The 35-year-old Germantown, Md., woman was diagnosed with multiple
sclerosis--a disease caused by inflammation and scarring of brain and
spinal cord tissue--in August 1987, two weeks before her wedding day.
The treatment Krebs received in the study was Betaseron (interferon
beta-1b), a biologic product. In July 1993, after studies showed it to be
safe and effective, FDA licensed Betaseron, making it the first product
developed specifically for multiple sclerosis (MS) to come on the market.
Because of the importance of Betaseron, FDA gave its review top priority,
and it also became the first biologic to be licensed under the agency's
accelerated approval regulations.
Krebs is one of an estimated 300,000 Americans with MS. The disease
primarily strikes young adults between 20 and 40 years old, but, rarely,
can develop in children or in older adults in their 40s or even 50s. It
affects about twice as many women as men.
MS is a problem of communication within the nervous system. Nerve cells
send messages from the brain in the form of electrical impulses that
travel along nerve fibers (axons) branching out from the cell body
(neuron). These messages direct vital processes that, among others,
enable us to breathe, eat, see, feel, walk, and talk. When the impulse is
delayed or blocked, physical symptoms can result. Impaired optic nerve
function, for instance, can cause blurred vision or blind spots.
The electrical impulses are hastened on their way by myelin--a white,
fatty substance coating the nerve fiber.
"There are little gaps in the myelin called nodes of Ranvier," explains
Henry McFarland, M.D. "The impulses jump from one gap to the next, a bit
like a rock skipping across a pond. The myelin acts like a capacitor."

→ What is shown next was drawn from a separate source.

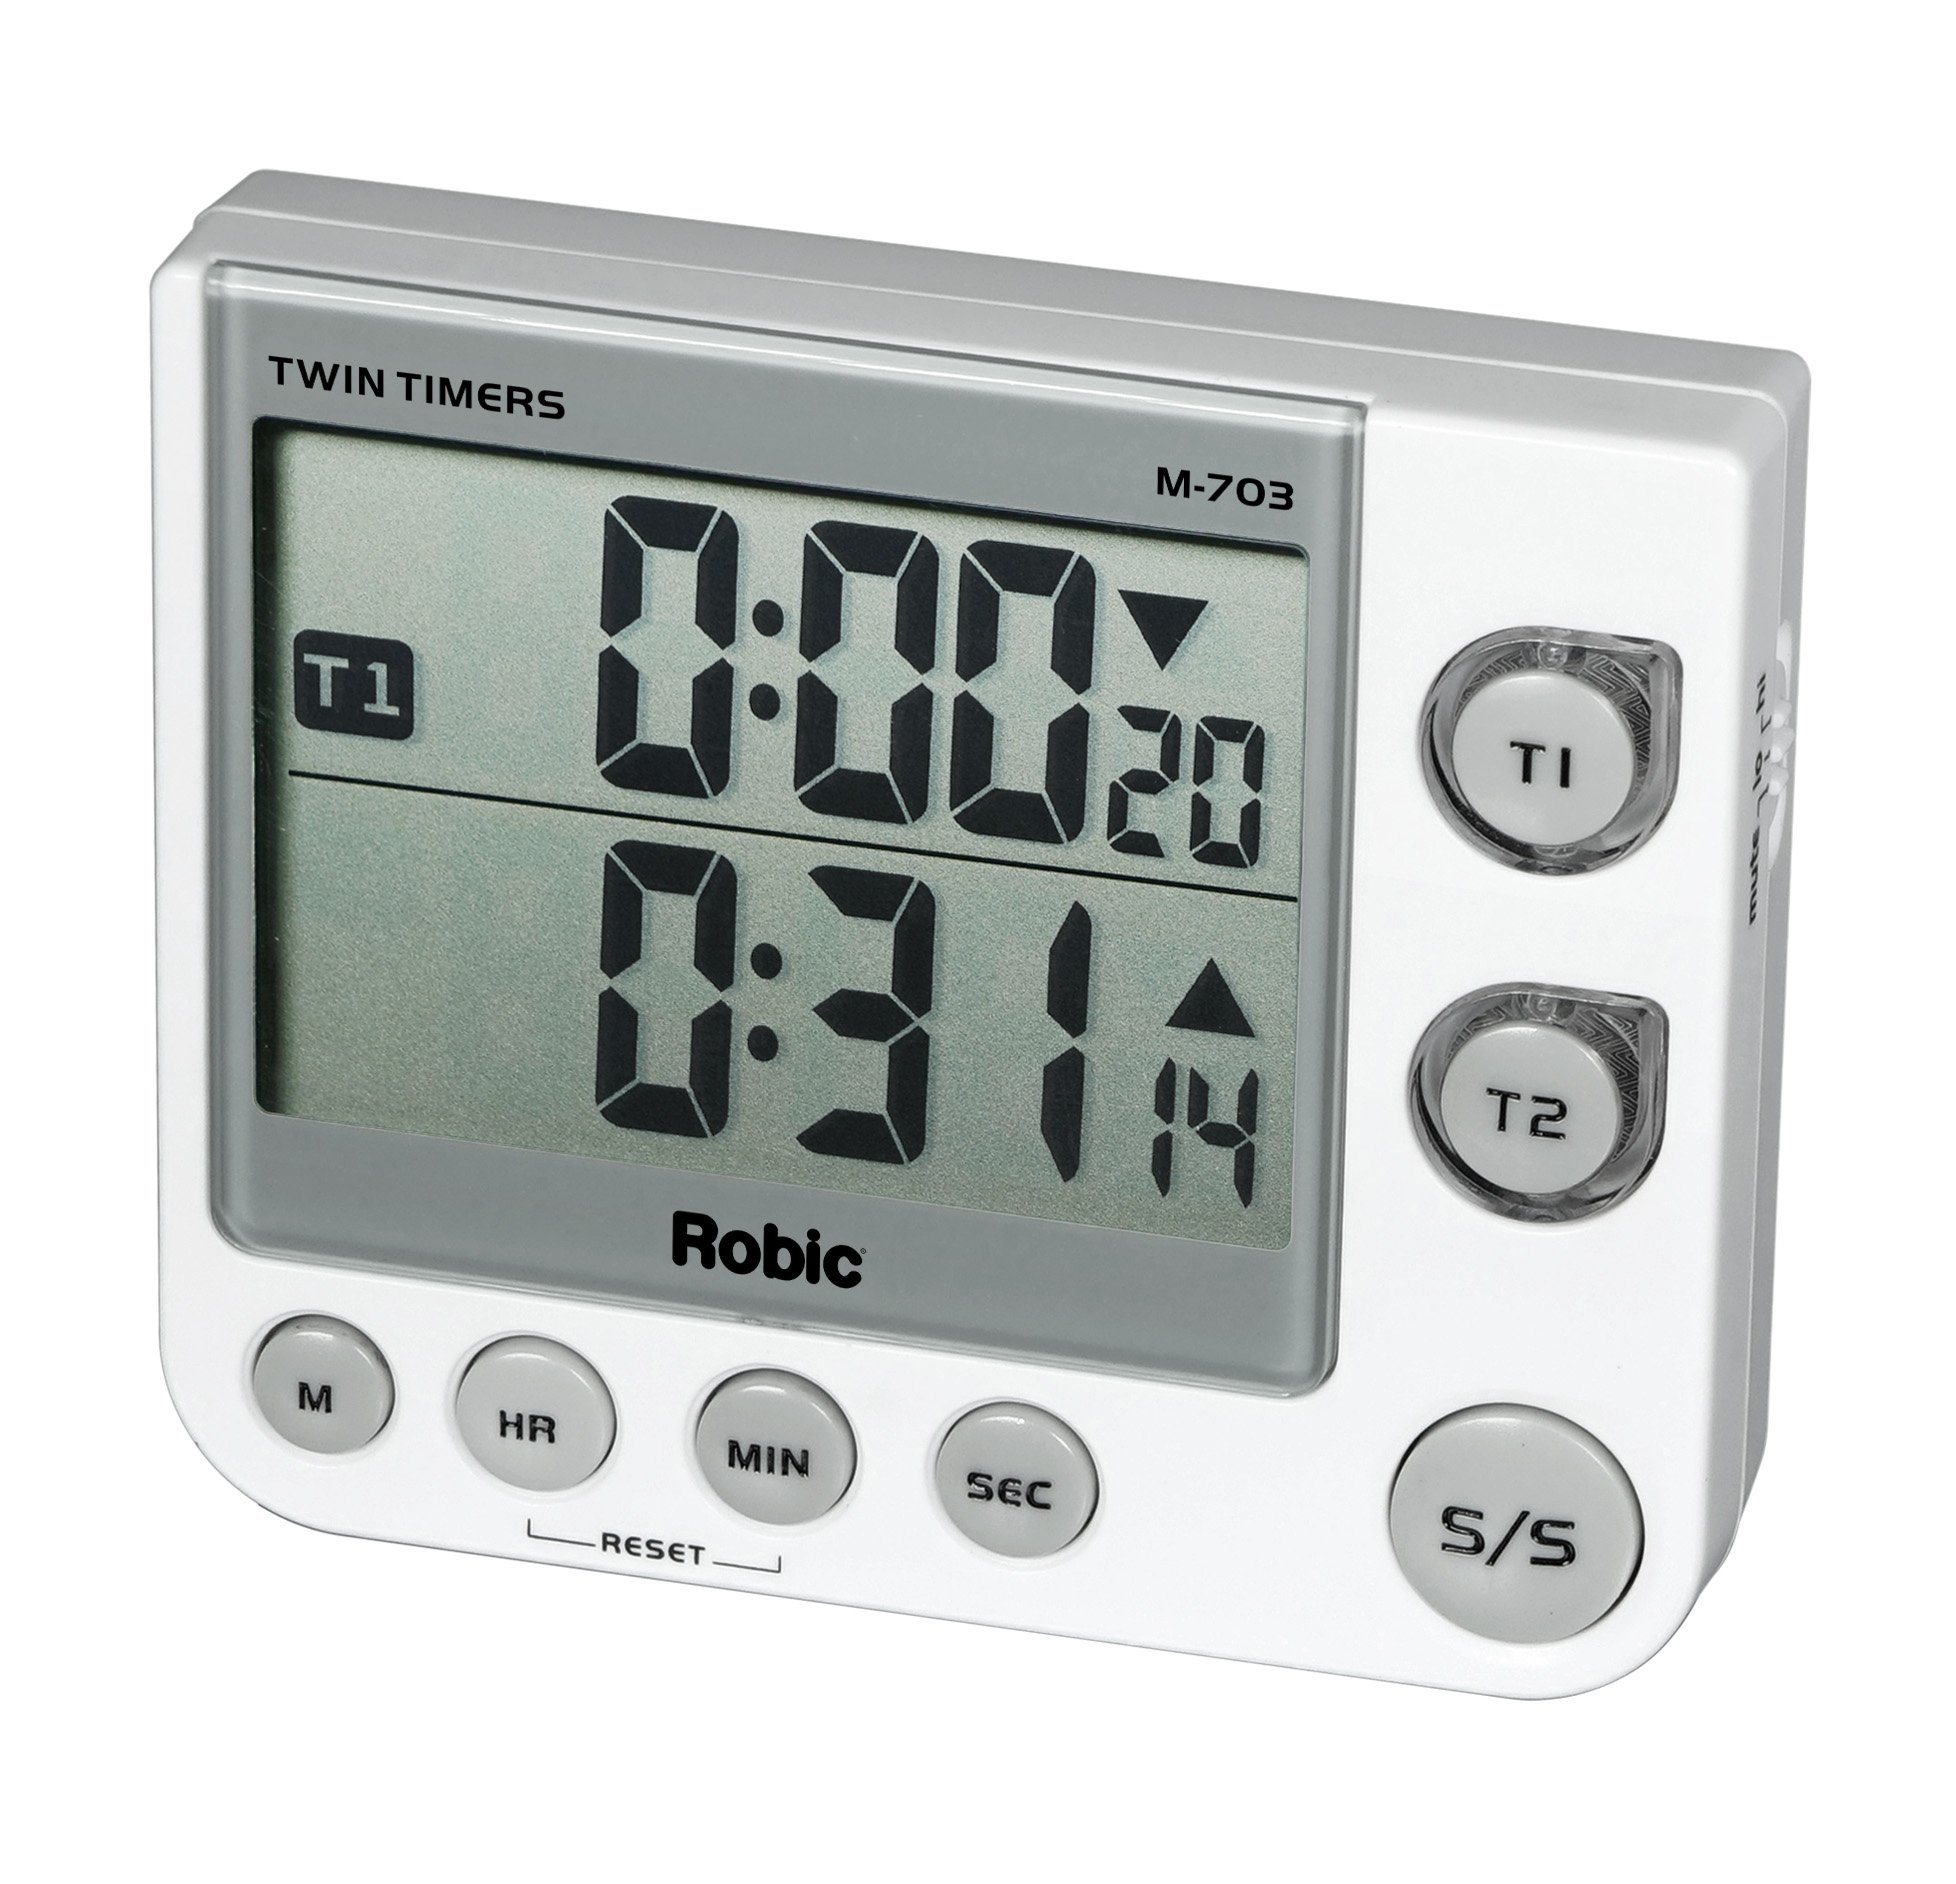 Robic M-703 Twin Timers; Countdown, Countup Game and Activity Timer; Flashing LED confirms Activity, Silent, Medium or Extra Loud Alarm at Completion…America's Timer, White, One Size

McFarland, a neurologist at the National Institute of Neurological
Disorders and Stroke, explains that in MS, inflammation destroys patches
of myelin in brain and spinal cord nerve fibers, leaving scar tissue.
When the impulse reaches a point stripped of myelin, its progress down
the bare axon is slowed. The more demyelination, the slower the
conduction.
Scientists don't know what causes MS, but suspect it's an autoimmune
disease, in which the body mistakenly reacts against its own tissues,
attacking the myelin (see accompanying article). The resulting
inflammation and edema (fluid buildup) further impede conduction. Once
they subside, symptoms often improve.
Blurred or double vision is often the first symptom of MS. Other early
symptoms are tingling, numbness, or weakness of a leg or hand,
clumsiness, fatigue, dizziness, and loss of balance.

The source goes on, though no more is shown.